- **Recorded information**:
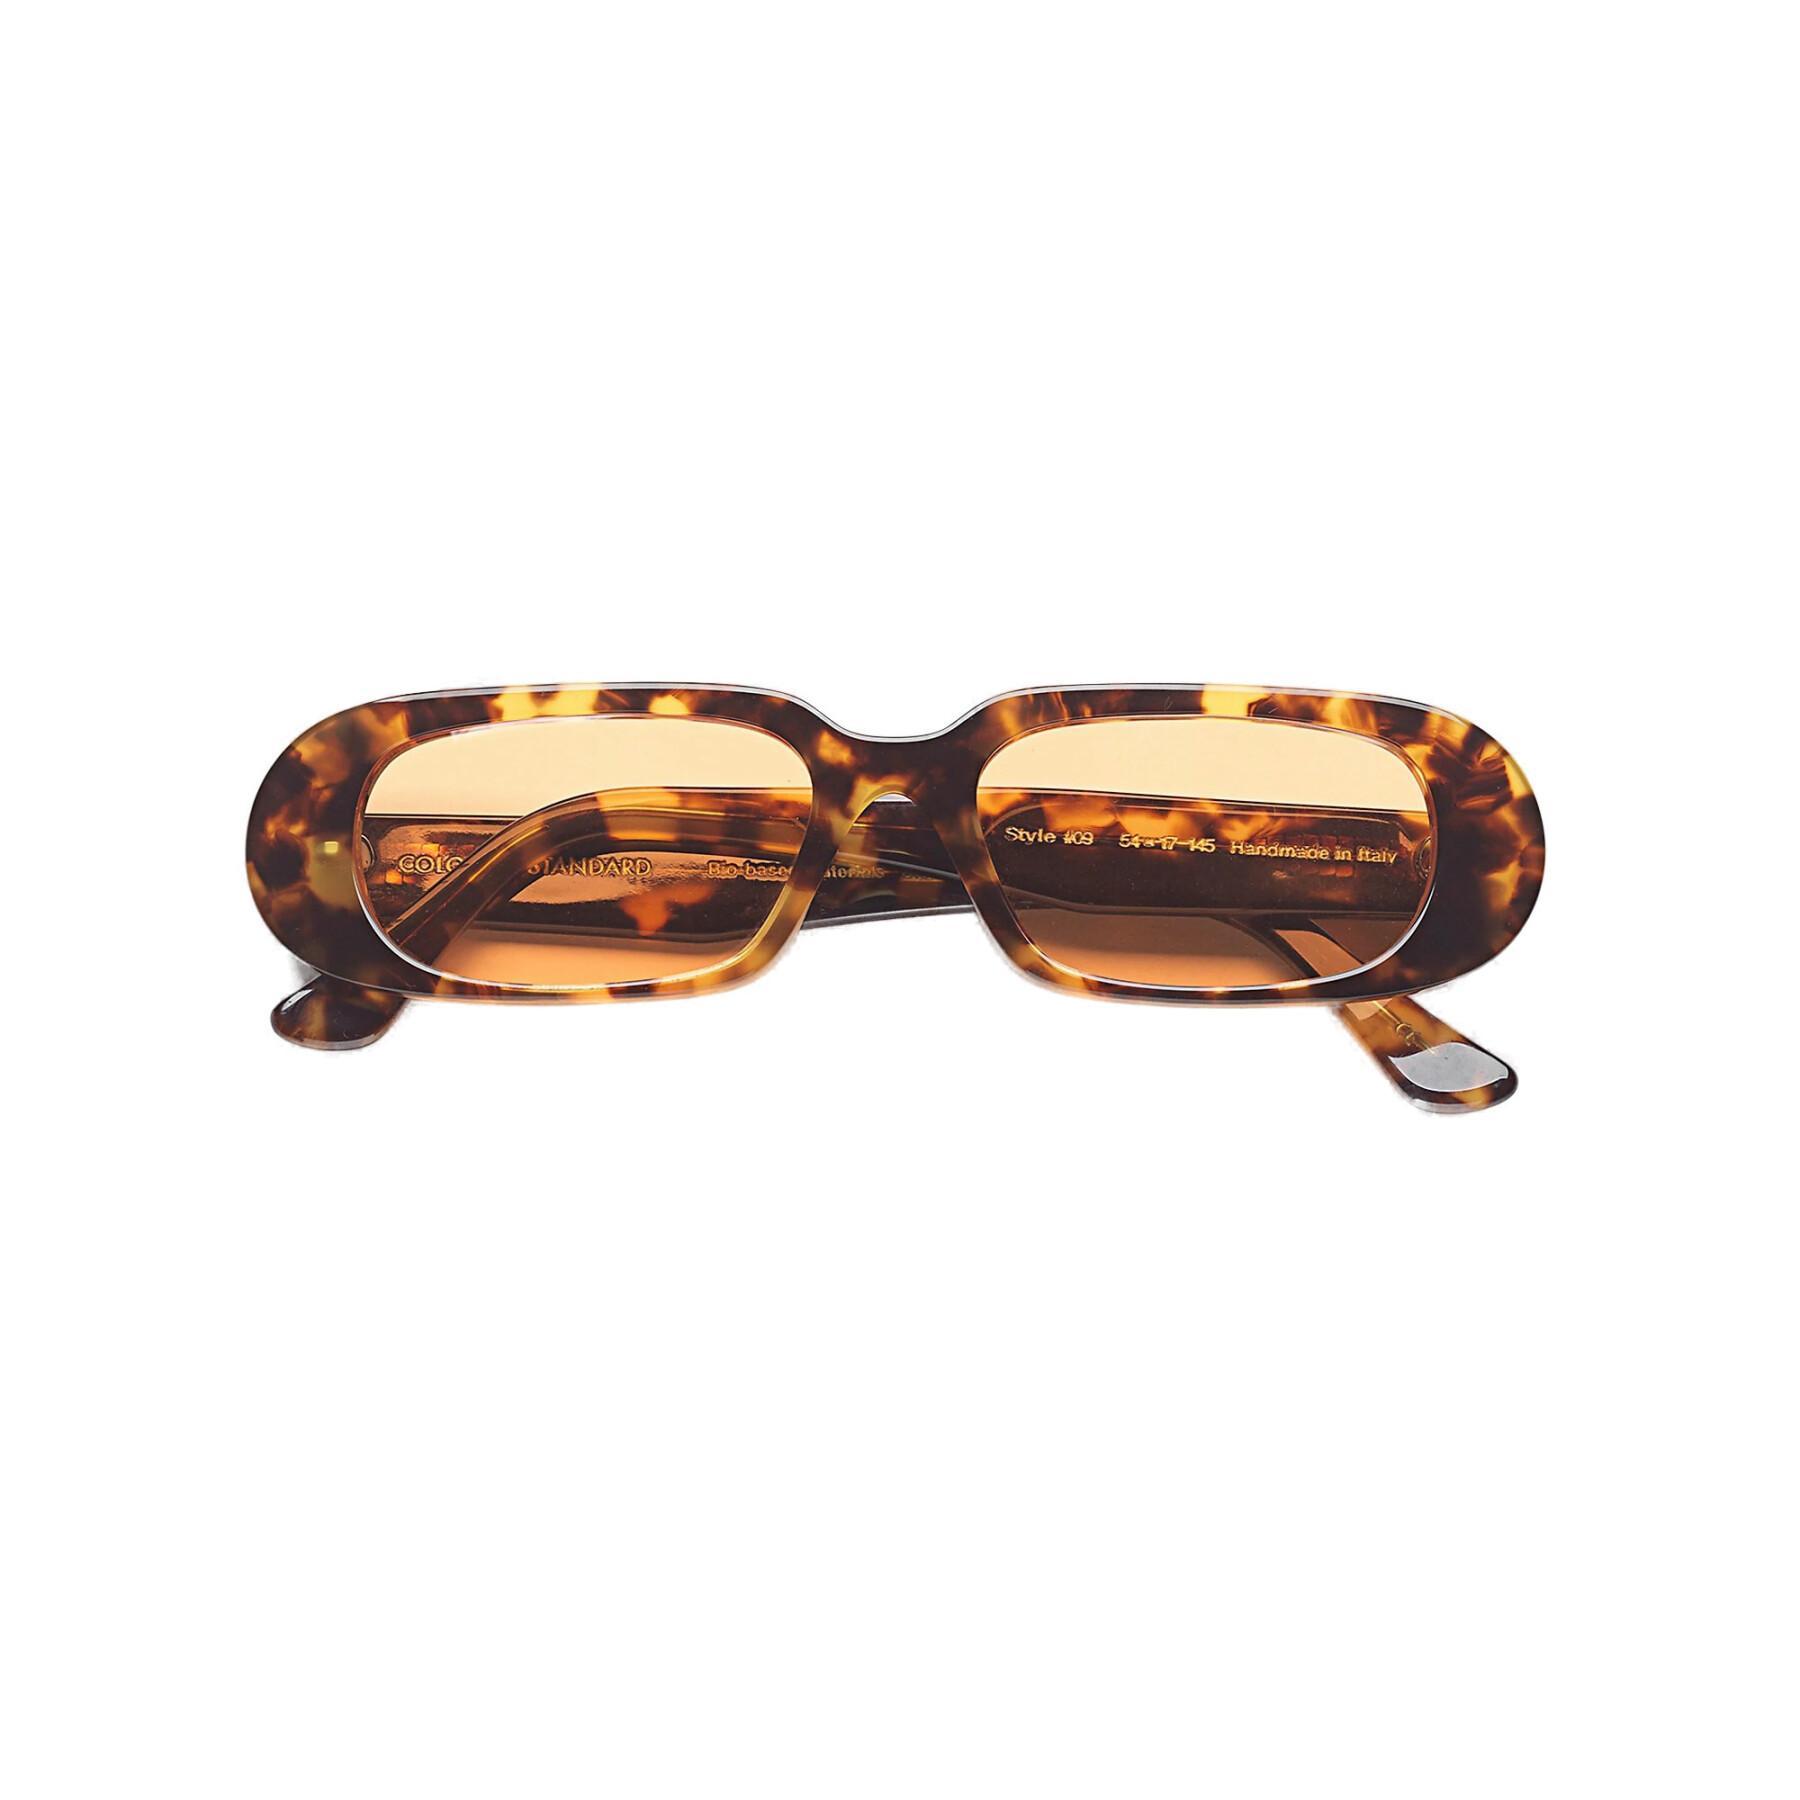 Okulary przeciwsłoneczne Colorful Standard 09 classic havana/orange
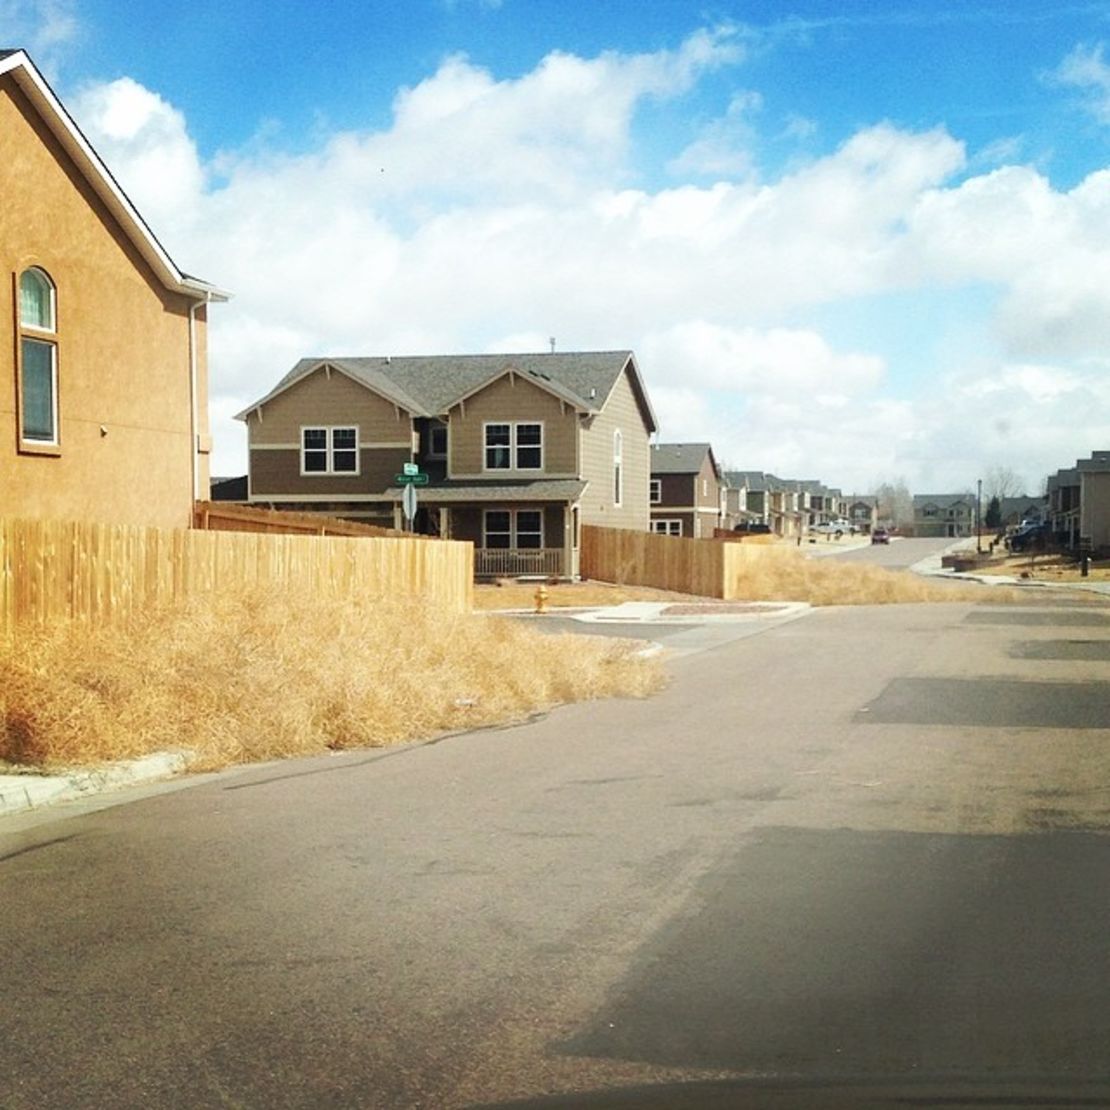 Whitey Grant's neighborhood is littered with tumbleweeds
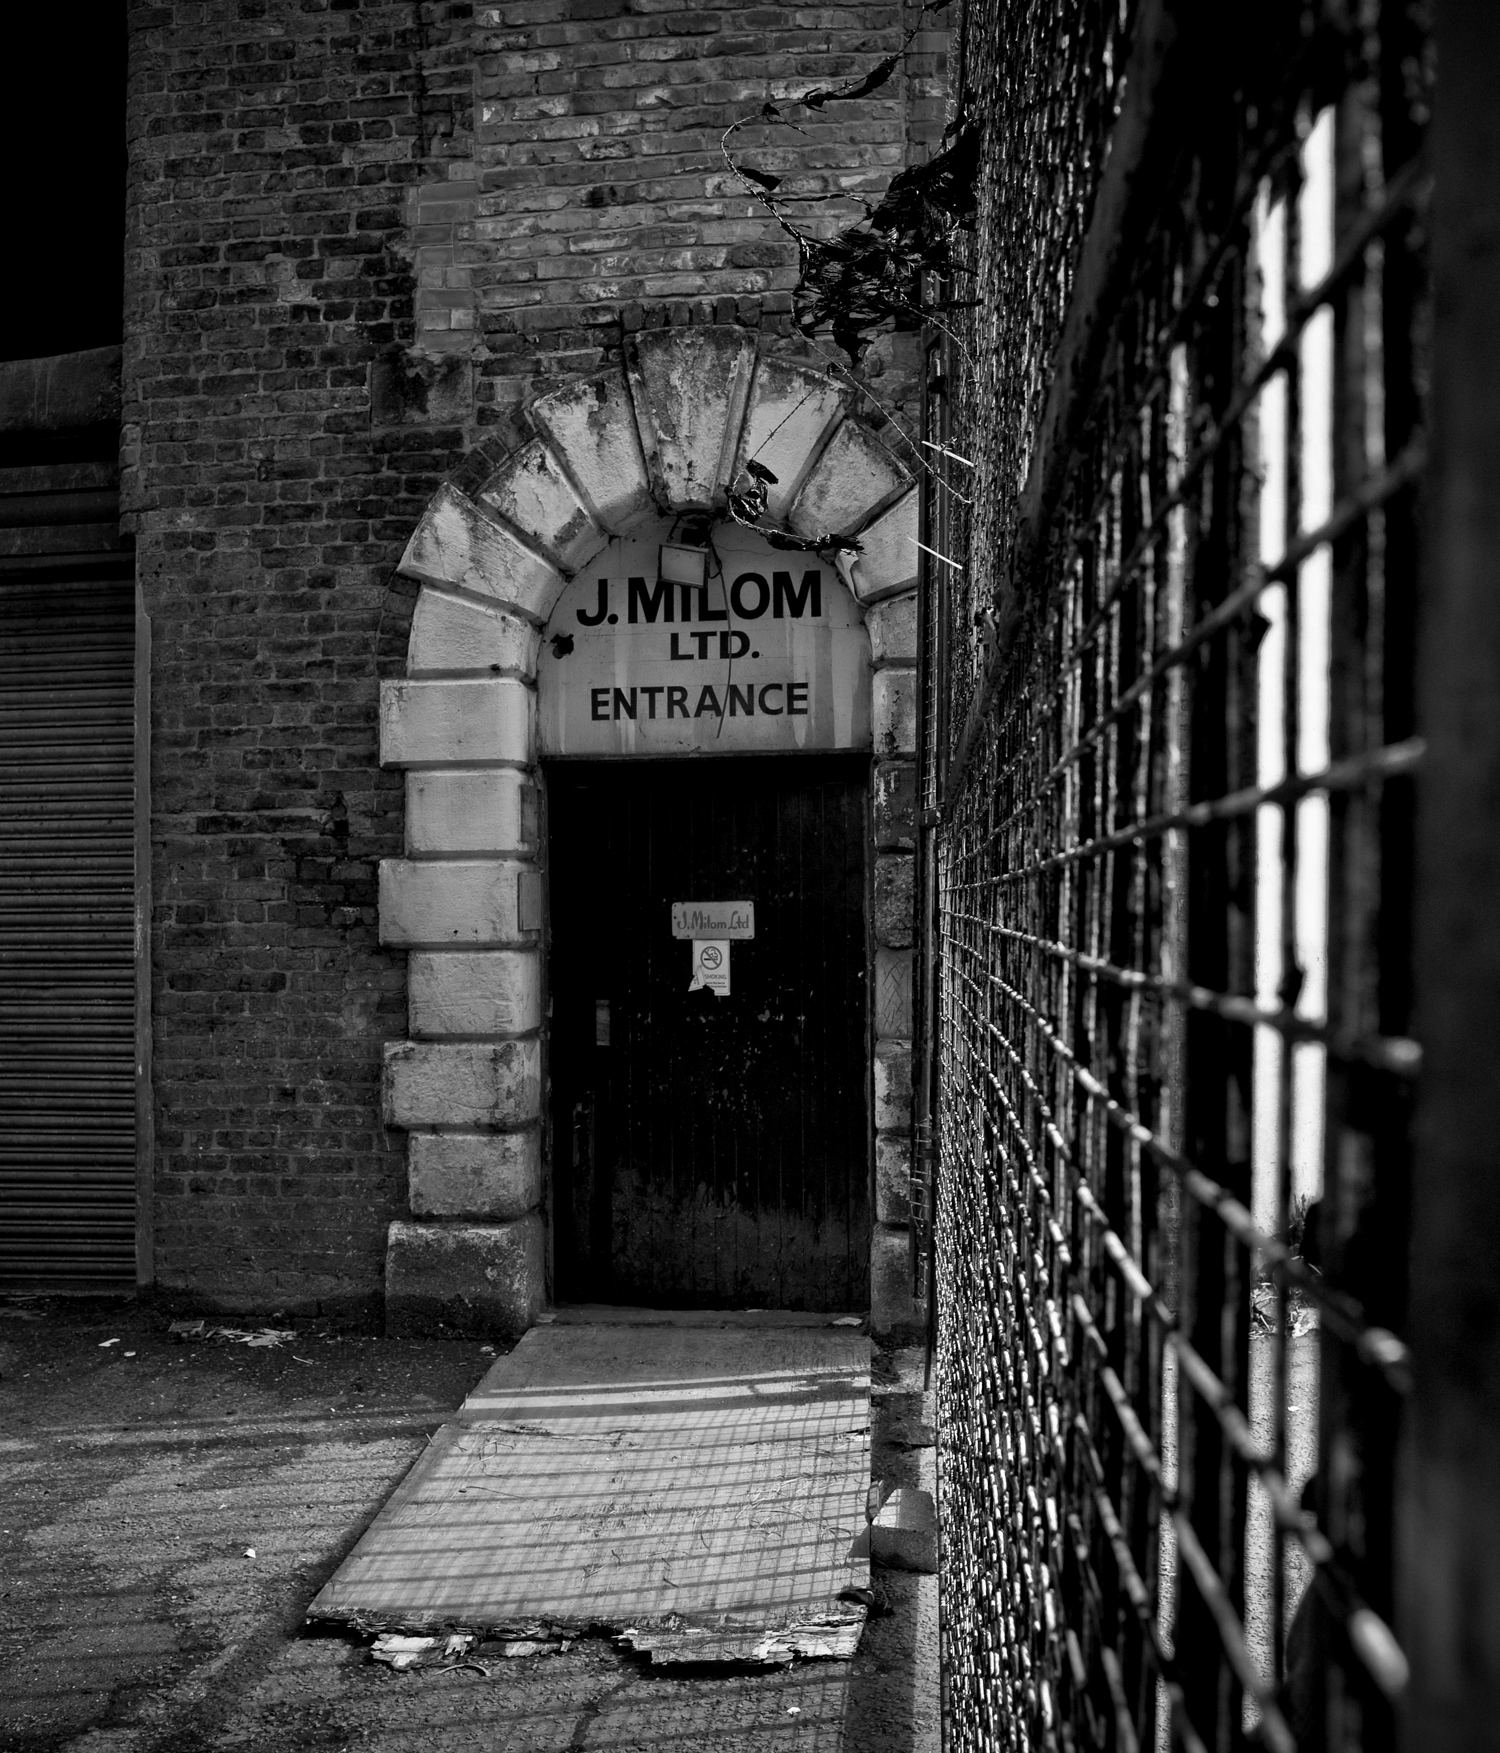  J Milon, Judo suit suppliers, opposite Strangeways Prison, Manchester.

- **Instructions for the task**: Send back the data above verbatim, leaving out its pictures.

- **Expected answer**:
 Okulary przeciwsłoneczne Colorful Standard 09 classic havana/orange
 Whitey Grant's neighborhood is littered with tumbleweeds
  J Milon, Judo suit suppliers, opposite Strangeways Prison, Manchester.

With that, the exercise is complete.